From: Roy T. Fielding <fielding@liege.ICS.UCI.EDU>
Date: Wed, 03 Jul 1996 12:43:31 -0700
To: Larry Masinter <masinter@parc.xerox.com>
Cc: jg@w3.org, http-wg%cuckoo.hpl.hp.com@hplb.hpl.hp.com
Message-Id: <9607031243.aa23561@paris.ics.uci.edu>
> I suggest making the following change, which is less controversial
> than the "charset=unknown" proposal:
> 
> Current HTTP/1.1 spec:
> 
>> The "charset" parameter is used with some media types to define the
>> character set (section 3.4) of the data. When no explicit charset
>> parameter is provided by the sender, media subtypes of the "text" type
>> are defined to have a default charset value of "ISO-8859-1" when
>> received via HTTP. Data in character sets other than "ISO-8859-1" or its
>> subsets MUST be labeled with an appropriate charset value.
> 
> My proposal:
> 
> < The "charset" parameter is used with some media types to define the
> < character set (section 3.4) of the data.

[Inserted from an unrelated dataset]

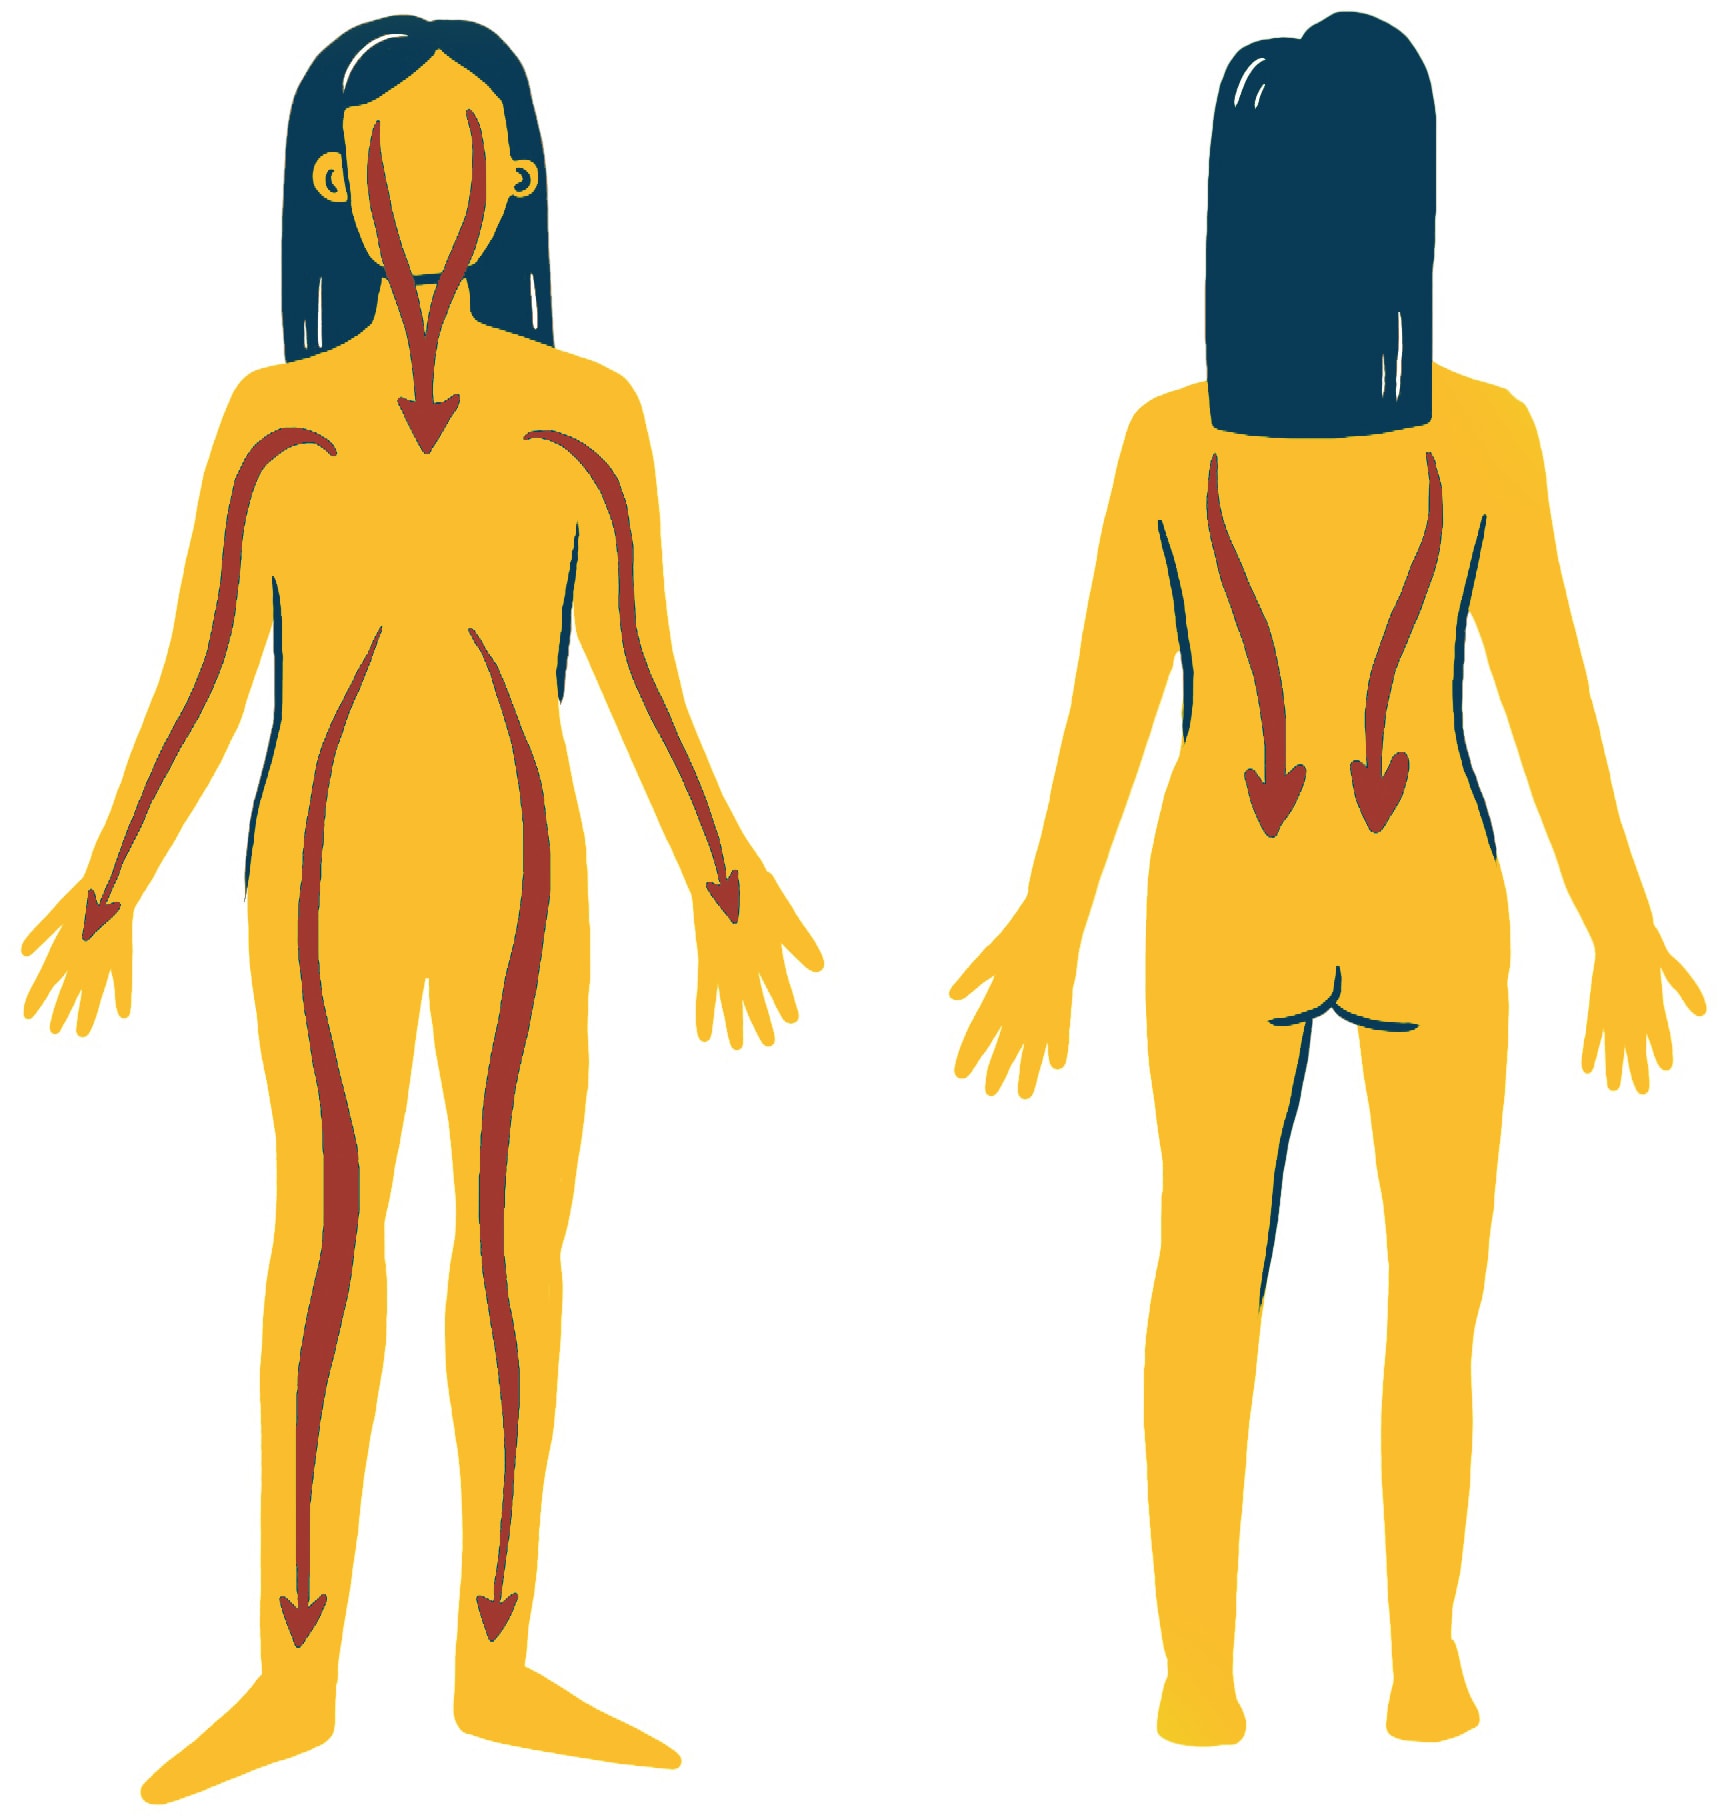 Beruhigende Waschung: Abbildung eines menschlichen Körpers in Vorder- und Rückansicht. Rote Pfeile verlaufen entlang der Körperkontur von Kopf bis Fuß und zeigen eine Abwärtsrichtung an. Die Figur hat dunkles Haar und ist in Gelb mit minimalen Details dargestellt.

Origin servers SHOULD
> < include an appropriate charset parameter for those media types which
> < allow one (including text/html and text/plain) to avoid ambiguity.
> < In the absence of a charset parameter, the default charset value MAY
> < be assumed to be "ISO-8859-1" when received from a HTTP/1.1 server.
> 
> < Unfortunately, some HTTP/1.0 clients do not properly deal with
> < explicit charset parameters for text/html data, and some HTTP/1.0
> < server sites send no charset parameter, even when the charset of the
> < data is not ISO-8859-1. For compatibility with older clients and
> < servers, implementations may need to be careful when communicating
> < with older versions, by not sending a charset parameter when the
> < data is ISO-8859-1, and by allowing local configuration when
> < recieving unlabelled data from HTTP/1.0 servers.
> 
> This establishes a convention that charset SHOULD be sent, but lays
> out some of the compatibility constraints during the transition
> period. Is this sufficient?

I would not loosen the existing requirement for HTTP/1.1 that
character sets other than "ISO-8859-1" or its subsets MUST be labeled.
In other words

====================

  The "charset" parameter is used with some media types to define the
  character set (section 3.4) of the data. To avoid ambiguity, an origin
  server SHOULD include an appropriate charset parameter for those media
  types which allow one (including text/html and text/plain), and MUST
  do so if the character set is other than "ISO-8859-1" or its subsets.
  In the absence of a charset parameter, the default charset value MAY
  be assumed to be "ISO-8859-1".

     Note: Some older HTTP/1.0 user agents do not properly understand
     explicit charset parameters for text/html data, and some HTTP/1.0
     server sites send no charset parameter even when the charset of the
     data is not ISO-8859-1. Although such applications are considered
     to be broken and should be replaced, HTTP/1.1 implementations may
     need to adjust their behavior to compensate for such older systems.
     For example, an origin server may wish to avoid sending the charset
     parameter when the data is US-ASCII or ISO-8859-1 and the User-Agent
     request-header field indicates that such an older user agent made
     the request.  Likewise, user agents may wish to allow local
     configuration to override HTTP's default charset when no charset
     parameter is present in received data.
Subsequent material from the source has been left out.